Danish singer, composer, and keyboardist (1949–2003)

Tommy Seebach (14 September 1949 – 31 March 2003), born Tommy Seebach Mortensen in Copenhagen, Denmark, was a popular Danish singer, composer, organist, pianist and producer. He is best known as front man of Sir Henry and his Butlers and for numerous contributions to the Danish qualifier for the Eurovision Song Contest, the Dansk Melodi Grand Prix, which he won three times. He was the father of songwriter/producer Nicolai Seebach and singer/songwriter/producer Rasmus Seebach.

==Biography==

===Musical beginnings===
Seebach began his musical career as an organist in his own group "The Colours" at age 14. In the following years he played in many pop and beat groups. He played the piano with various orchestras and groups, sometimes going under the name of "Boogie-Woogie-Tommy".
He gained mainstream popularity in Denmark in 1965, when he became a member of the band Sir Henry and his Butlers, writing many of their most popular hits.
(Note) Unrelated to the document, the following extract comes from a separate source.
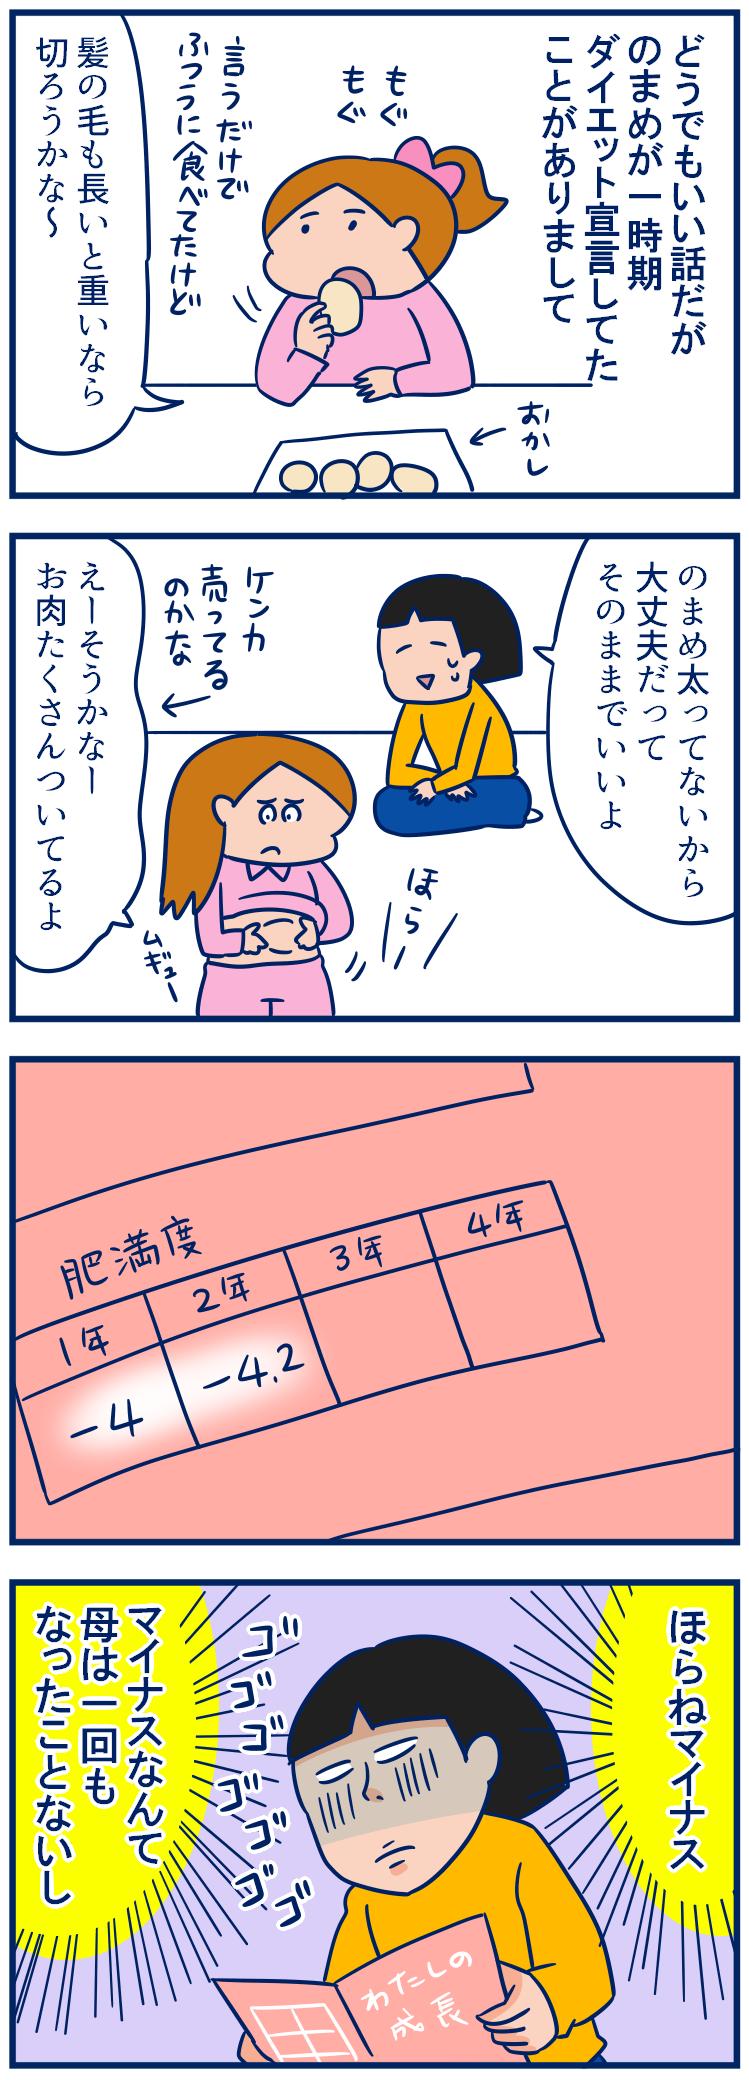 度 マイナス 肥満

He also worked as a recording engineer at the Rosenberg Studio in Copenhagen and amongst other projects recorded the Icecross album there in 1973.

===Solo career===
In 1976 he emerged as a successful solo artist. His hit album "Tommygum" was released in 1977. It was at this time that he recorded and performed "Apache".

===Eurovision Song Contest===

Seebach competed seven times in the Dansk Melodi Grand Prix. Only one other act, the Hot Eyes, has ever won the competition three times.

In 1979, his song "Disco Tango", coauthored with Keld Heick, and performed by Seebach, came in as no 1. Finishing 6th at the Eurovision Song Contest 1979, it became a major hit both in Denmark and other European countries. A friendship with fellow contenders Black Lace (UK entry) led to Tommy, producing the single "Hey Hey Jock McCray" for the band, released the following year in Denmark by EMI.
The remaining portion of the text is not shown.